Today I would first like to talk to you about the fact that some serious questions tower over European civilization, the European people and, in particular, European leaders.
Terrorist organizations recruit fighters to join their ranks from among immigrants living in the continent’s western part, while the southern borders of the EU–including our own state’s borders–are besieged by waves of modern-day migration, in the face of which increasingly frustrated states and governments are at a loss. And this is happening in an economic environment in which millions of Western European citizens feel that they have to work ever more for less money, just to keep their jobs. Europe is facing questions which can no longer be answered within the framework of liberal multiculturalism. Can we shelter people, many of whom are unwilling to accept European culture, or who come here with the intent of destroying European culture? How did we lose and how can we regain the common European homeland to which every nation of the Union–including the Greeks and the Germans–can say “yes”?
Europe today continues to huddle behind the moats of political correctness, and has built a wall of taboos and dogmas around itself. . . . [W]e let go of the delusion of the multicultural society before it turned Hungary into a refugee camp, and we let go of liberal social policy which does not acknowledge the common good and denies Christian culture as the natural foundation–and perhaps the only natural foundation–for the organization of European societies. We decided to face the barrage of unfair attacks and accusations, and also let go of the dogma of political correctness.
And as far as I see it, Hungarian people are by nature politically incorrect–in other words, they have not yet lost their common sense. . . . They do not want to see their country thronging with people from different cultures, with different customs, who are unable to integrate; people who would pose a threat to public order, their jobs and livelihoods.
The modern world sees economic facts as the ones that truly count. It may be right, but I would attach higher priority to facts related to life. Above all, the facts which determine our biological survival and continuance.
Life in Hungary presents us with facts that surprise even the most pessimistic of people. More children were born last year than at any time in the last five years. The so-called total fertility rate–that is, the number of children born into a family–was 1.41 in 2014; this is its highest value since 1997, though still not high enough. The number of marriages has increased continuously since 2010; it rose by 9% in 2014 alone. Let me remind you that between 2002 and 2010 the number of marriages in Hungary fell by 23%.
The number of divorces decreased by 15% between 2010 and 2013. The number of abortions is in continuous decline, and has fallen by 20% since 2010. While the truth is that the number is still high, it has not been this low since 1954. . . . What matters is that we may finally hope that Hungarians have more faith in the future, and that they also seem to have attached greater value to life itself.
We cannot be successful if we can only be servants in our own country, if we have no independence. National sovereignty is a fundamental question. National sovereignty gives us a better life, which is our core interest.

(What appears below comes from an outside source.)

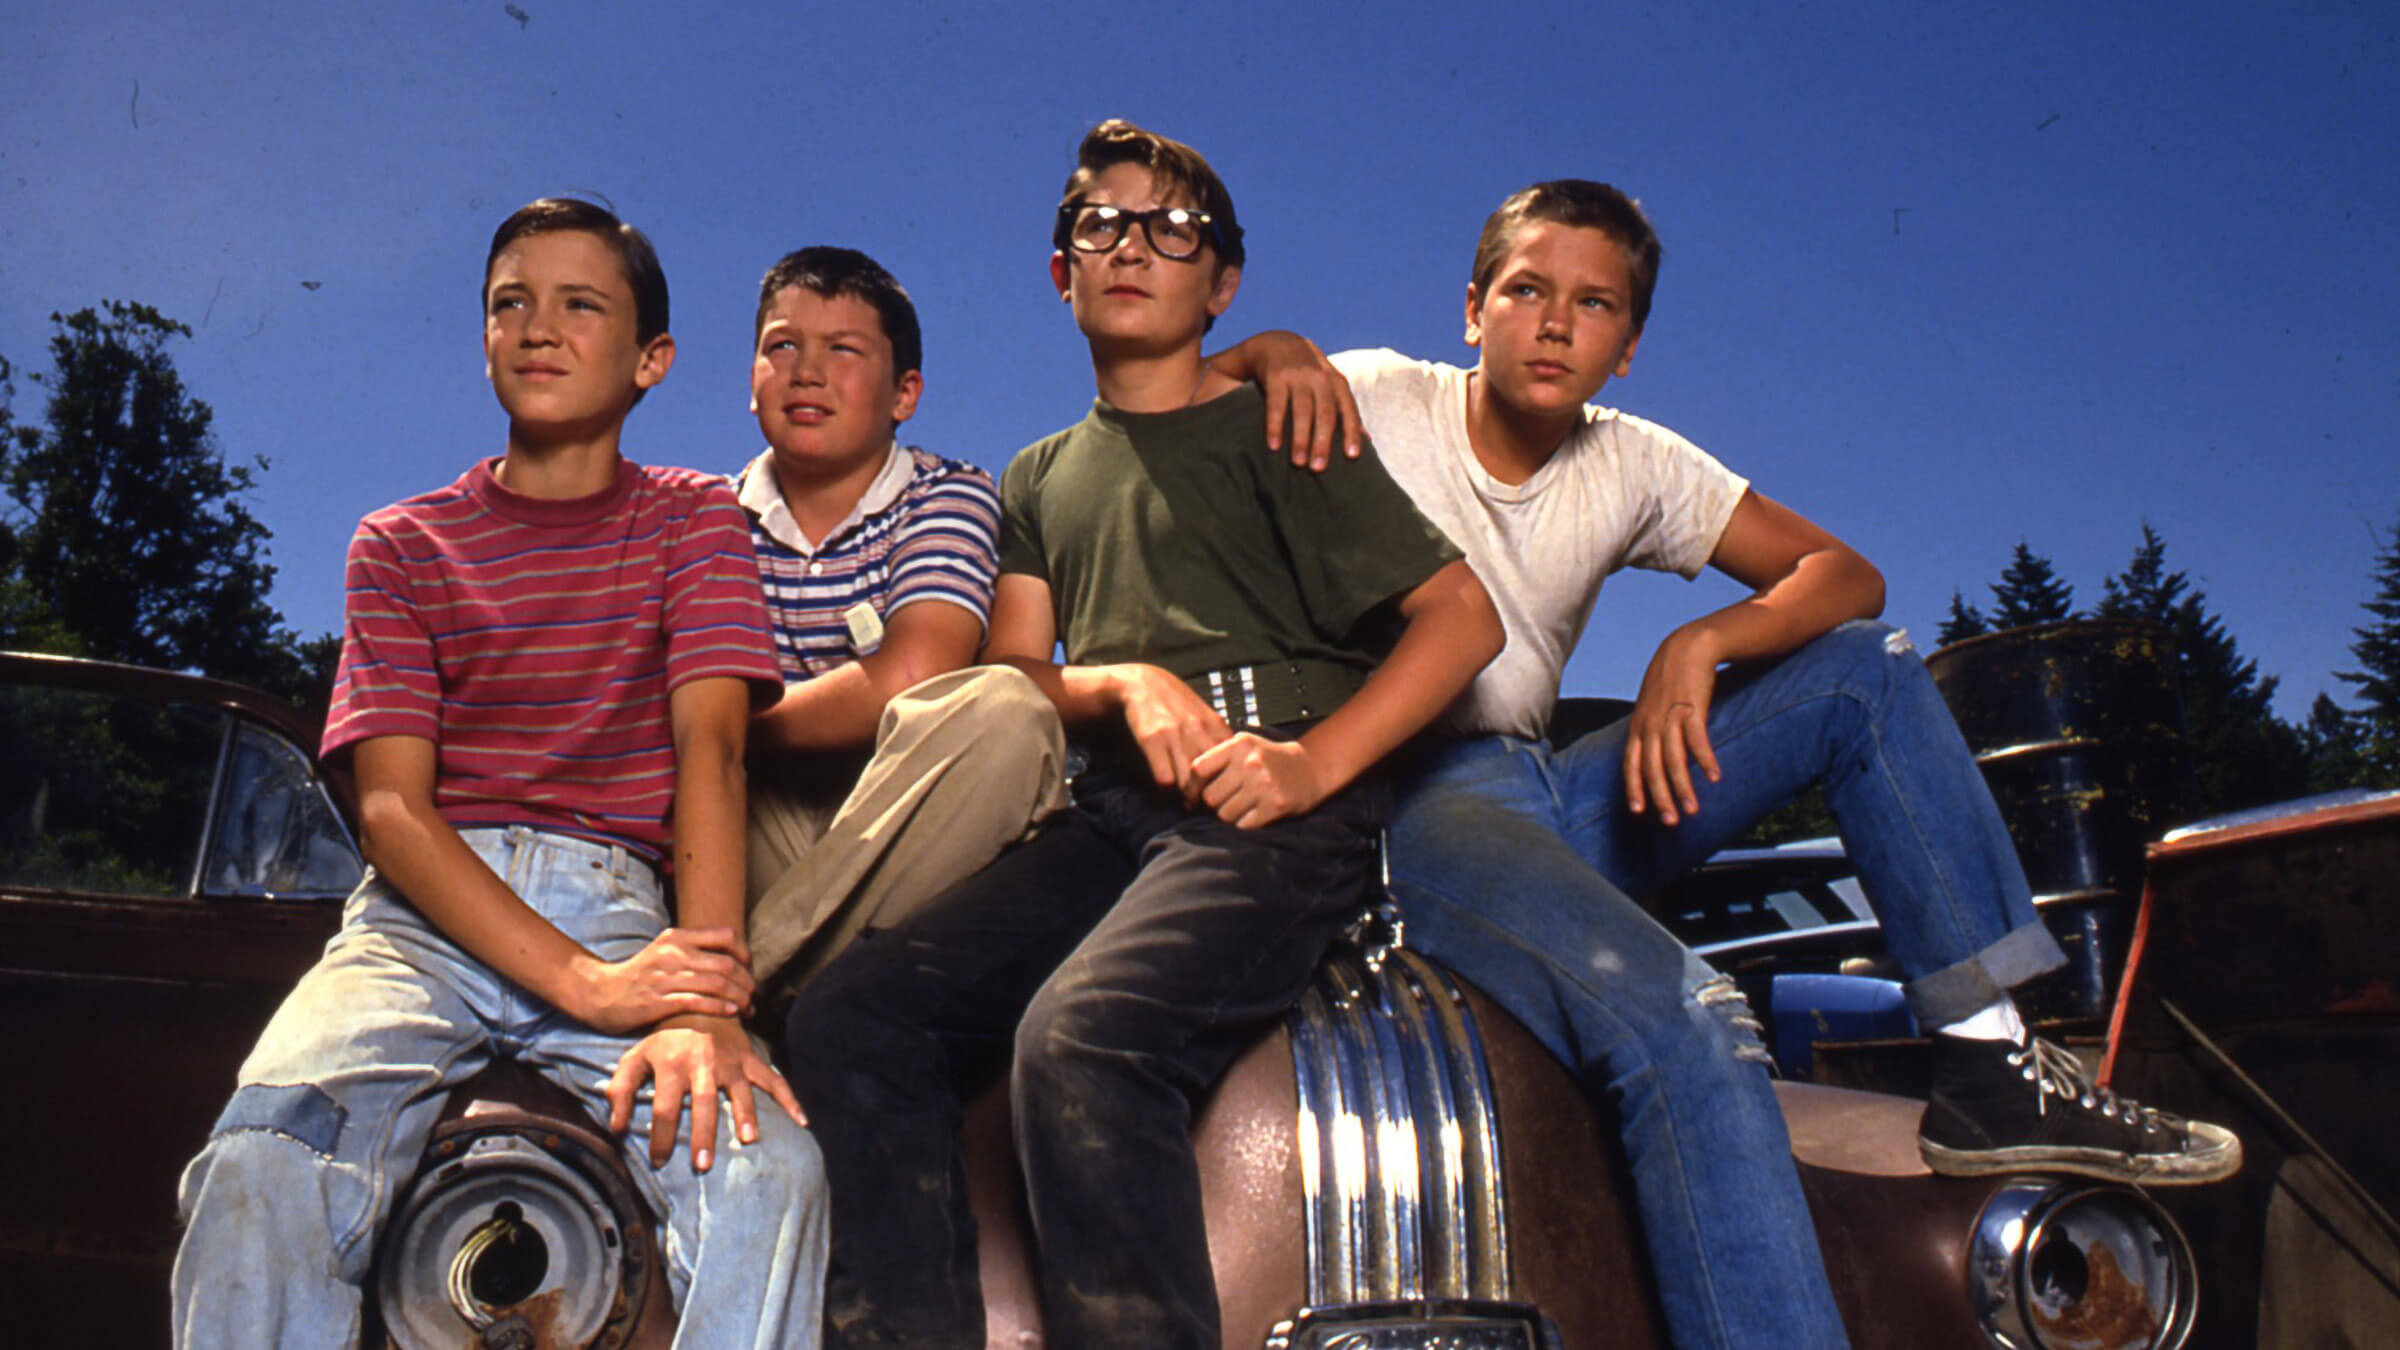 Growing Pains: The Best Coming-of-Age Movies and Scripts

Let us not forget that those who believe that there is ultimate victory in democracy are completely wrong. Only the communists believed that there can be a final struggle and an ultimate victory–and look where they ended up. In democracy, in the world of civic principles, we must fight for trust and recognition over and over again, day after day. If you want a civic Hungary–and that is what we want–it is once more time to fight for it. But we can only fight together, and not against one another, because strength lies in unity, and because we stand together under one flag.